We alternate Dr. Harveys mix which you add to your own meat at home and kibble by Natural Balance - Sweet Potato & Duck. There are many posts about food here, if you do a search - I think you will get a lot of recommendations.


----------



## LJSquishy (Feb 27, 2008)

What food are you currently feeding? Knowing what you are using right now will help me suggest new foods to try. It does sound like some sort of allergy problem, but it could be food or environmental.

Natural Balance Sweet Potato & Venison would be a good food to try if you suspect she has a food allergy. There are a few other brands, also. I would recommend adding a supplemental probiotic, such as Animal Essentials Plant Enzymes & Probiotics. I love the stuff!


----------



## Lillybelle (Jan 14, 2011)

They've been on a couple of brands, Iams for sensitive stomach for the cavalier and puppy for the Maltese until I found out about the animal cruelty thing then blue buffalo which is causing diarrhea so we're looking.
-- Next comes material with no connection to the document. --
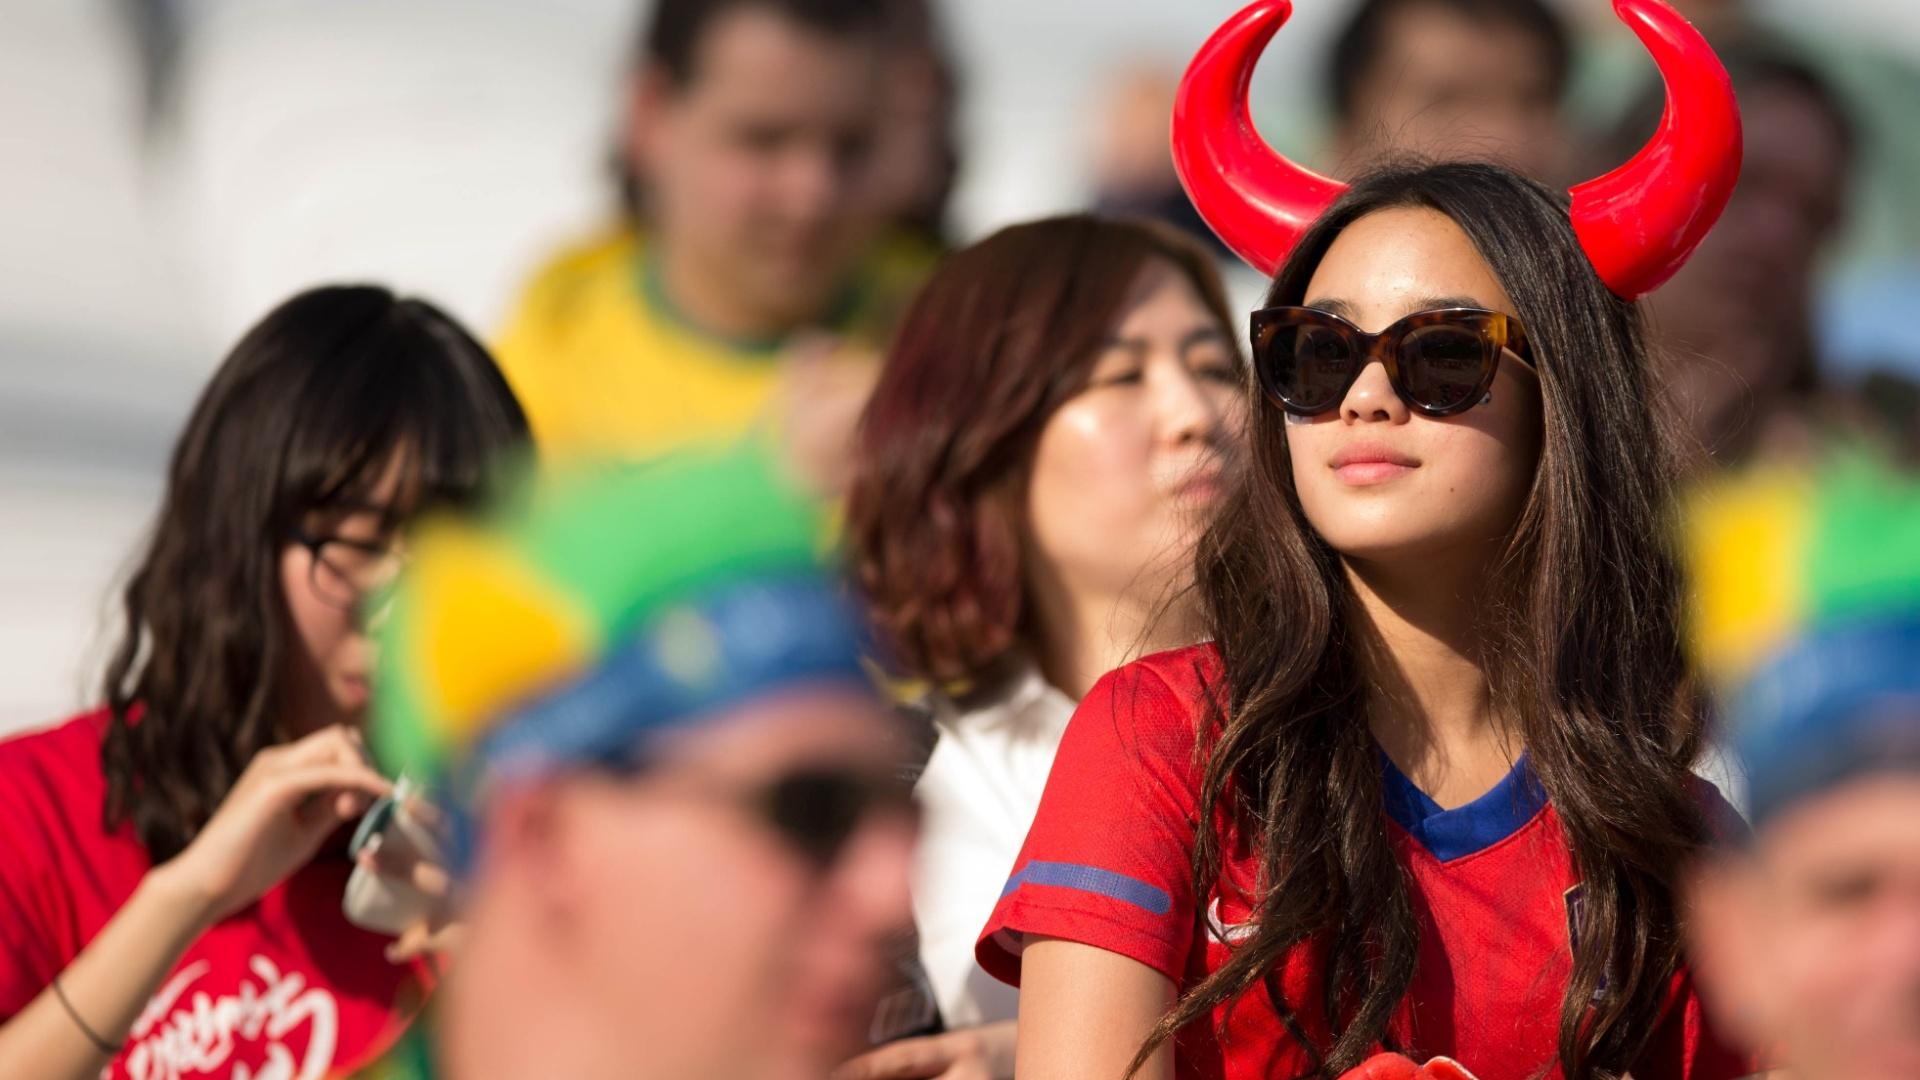 Torcedora da Coreia do Sul usa tiara estilizada para o jogo contra a Bélgica no Itaquerão

The vet suggests food for allergies and a sensitive stomach for the cavalier, she's prone to hemorrhagic diarrhea :-( so we have to be very careful with her stomach and anything that is not easily digestible. For the Maltese I'm just looking for something for allergies, so far Natural balance L.I.D. Has met both their needs but I haven't ordered it just yet.


----------



## Sylie (Apr 4, 2011)

I alternate between Natural Balance duck and potato and Wellness small breed formula. The Wellness does contain grains; oatmeal, brown rice and rye. Those grains don't usually cause allergies. There are good things in these foods to aid digestion. My 14 year Ru had been on a special prescription diet because of her tendency to bloody diarrhea, but she hasn't had a problem once with this food.


----------



## DiamondsDad (Jul 14, 2011)

Diamond used to bite her paws a lot too (vet said it was probably allergies.) We started feeding her Acana Pacifica, and she stopped biting her paws. (Acana is a Canadian dog food; I don't know it's availability outside Canada - but it has Canadian-sourced ingredients, no grains, etc - good stuff). 

Anyway, I'm not just trying to recommend the specific brand of food... We told the vet we switched Diamond to Acana Pacifica, which is based primarily on fish. The vet said that was probably the best thing we could do to prevent the paw biting for two reasons (1) it contains no poultry and lots of dogs are allergic to one or more types of poultry - chicken, duck, turkey and (2) fish contain a lot of nutrients that can actually ease allergic symptoms (that arise from other sources). 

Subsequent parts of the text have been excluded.